Any roofers you think about hiring must be serious about safety, for their own sakes as well as their team-mates’. Safety helmets, harnesses and other equipment must be properly used and maintained. Be sure to ask about any past accidents or safety issues they may have experienced.
Comfort with technology Roofers looking for work must be willing to learn how to handle current technology and adapt quickly to emerging ones. More and more, the job relies on using devices for communicating with suppliers and homeowners, measuring, estimating, ordering materials and using various apps. If your employees can’t keep up with the requisite tech, you may soon find yourself at a competitive disadvantage.
Now That You’ve Hired Them, How Can You Keep Them?
The huge demand, short supply and competition for skilled workers is so great, it’s not uncommon for companies to poach roofing crews. Offers of higher pay or better benefits can be hard to counter but there are other ways to promote loyalty and reward performance.
Create a sense of family or team spirit Many roofing companies are family-owned and operated businesses but, even if yours isn’t, it’s still important to make all your employees feel like members of a team whose efforts and contribution are valued and appreciated. When people are allowed to make suggestions, offer constructive feedback and feel trusted and listened to, they develop a sense of belonging and company loyalty.
When your employees look out for each other and share responsibilities, you’ll see positive results in their performance, personal growth and potentially in your profitability.
Provide positive feedback and growth points regularly Annual reviews are essential but everyone needs praise and constructive criticism at the time when the actions deserving of either are actually happening. Share customer kudos and concerns with your staff members, so they know what you’re hearing and what people’s expectations are.
When you need to address a negative situation, focus your attention on the employee’s behavior or action, rather than his or her personality and try to find something positive to comment on as well. Watch your word choices, too. Rather than say, “You should have done such and such,” you could say, “Next time, I’d recommend that you handle it like this.”
Ask for input and ideas, suggestions and solutions Your roofing crew is on the front line of your business, often the ambassador for your company and the liaison between you and the homeowner. These employees will likely know before you do if something’s not working as it should or if some process could be improved.
Solicit, encourage and reward their feedback to keep it coming.
Provide training and opportunities for advancement The best employees are the ones who want to learn more, do more and make more of themselves. Give them all those chances. Perhaps you could offer an incentive for an experienced roofer to mentor a novice. Or send an employee to a personal development conference for his/her own interest and growth.
If you have an experienced roofer who’s thinking of quitting, maybe he’d be happy to stay on in a new capacity, such as in-house trainer or safety consultant.
Challenge your staff to think of new ways to improve your business. You might be very surprised at what they come up with.

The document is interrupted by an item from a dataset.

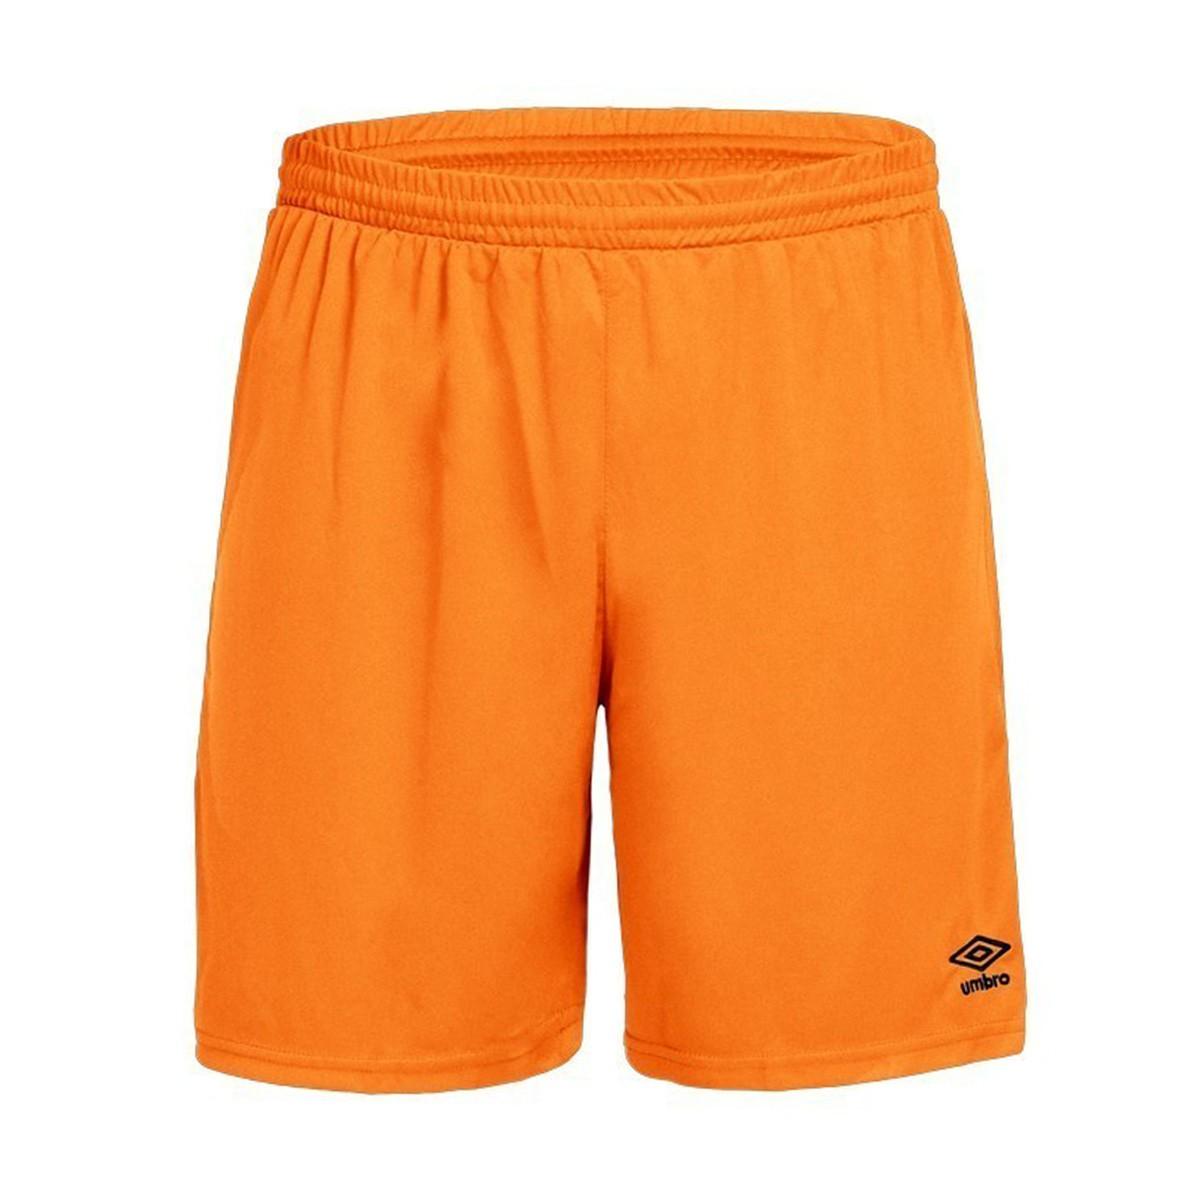 umbro orange
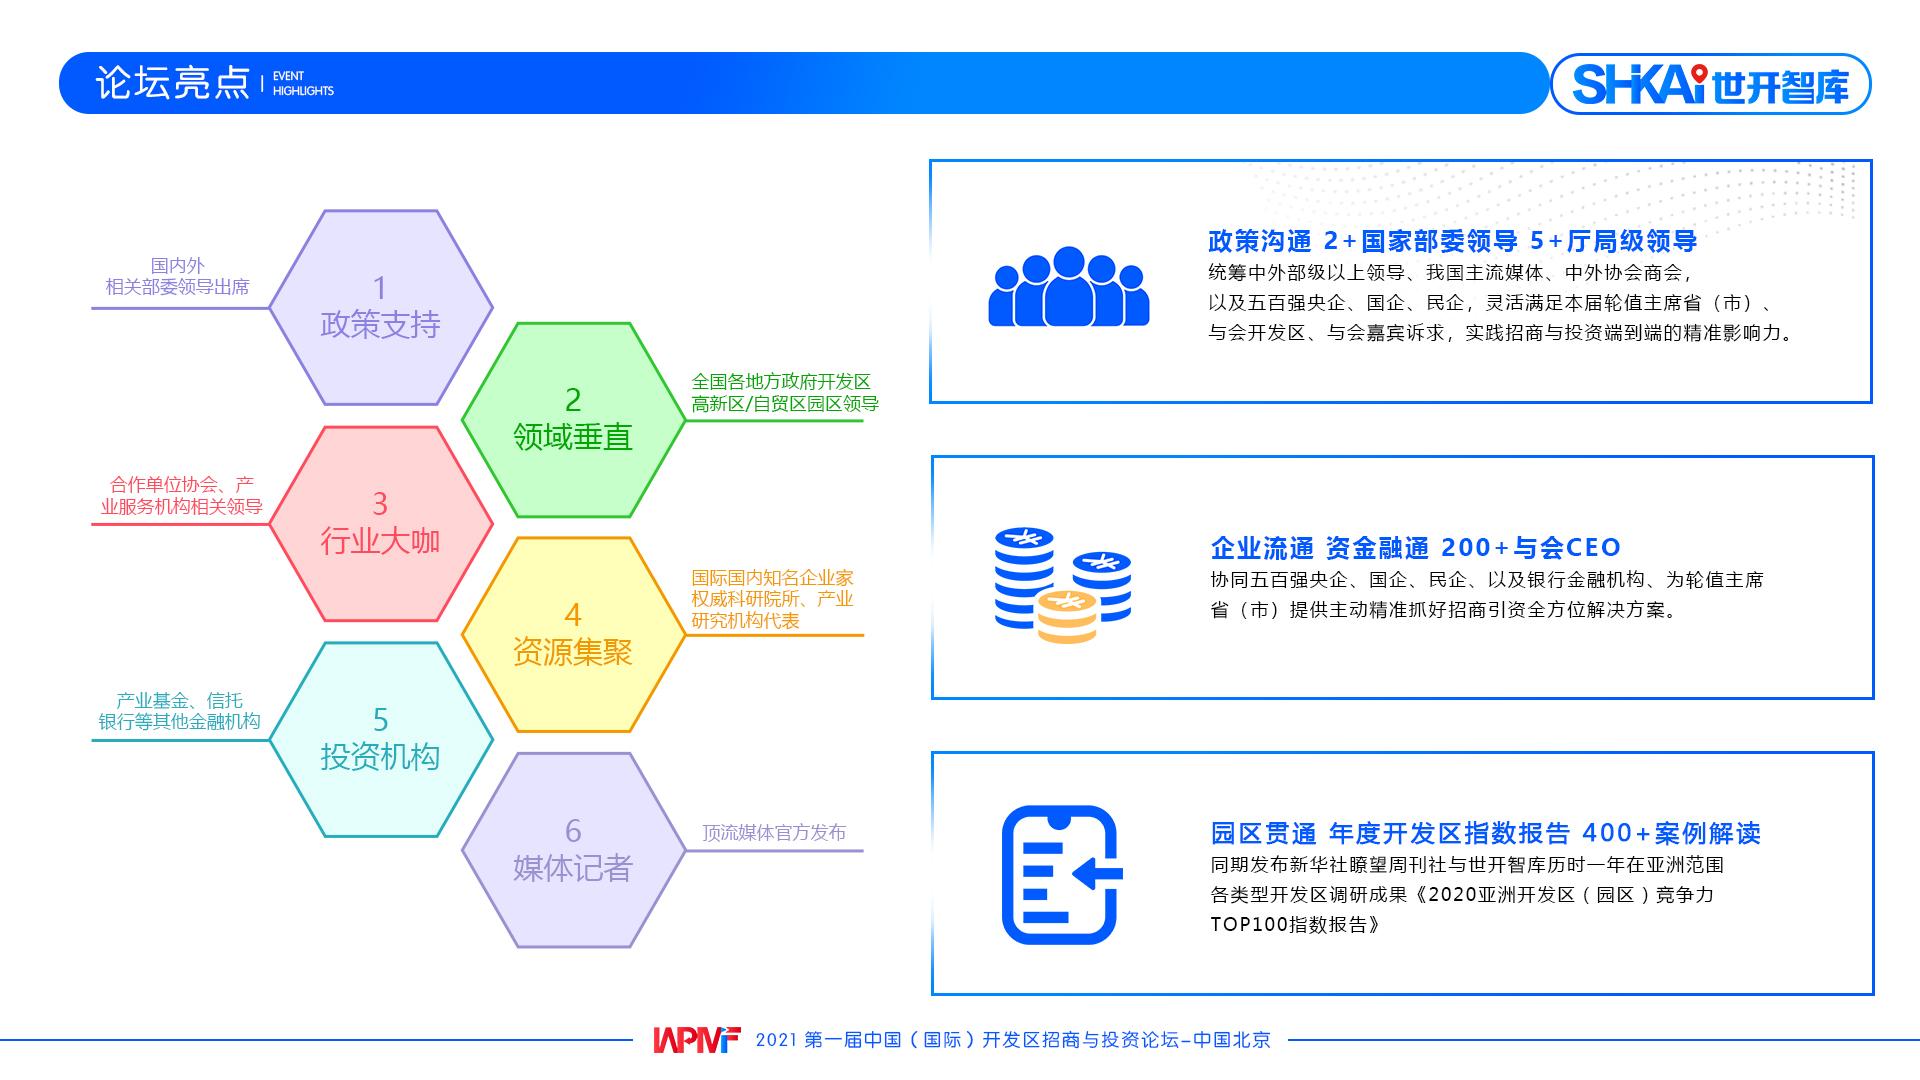 中国(国际)开发区招商与投资论坛暨2020亚洲开发区(园区)竞争力TOP100报告发布会

Offer rewards other than money While money may motivate some people, there are intangible rewards that can be just as effective. Flex-time and recognition programs are particularly well received. A day off or a gift card for dinner can be a powerful incentive and fun reward for those who go above and beyond in some way, while inspiring others to raise the bar on their own performance.
Roofing contractors who have worked with IKO products, services and sales reps often comment on how they feel listened to and valued. We’re proud to have made them feel a part of our family business and we hope that these pointers we’ve just provided will help you attract and retain good people, too.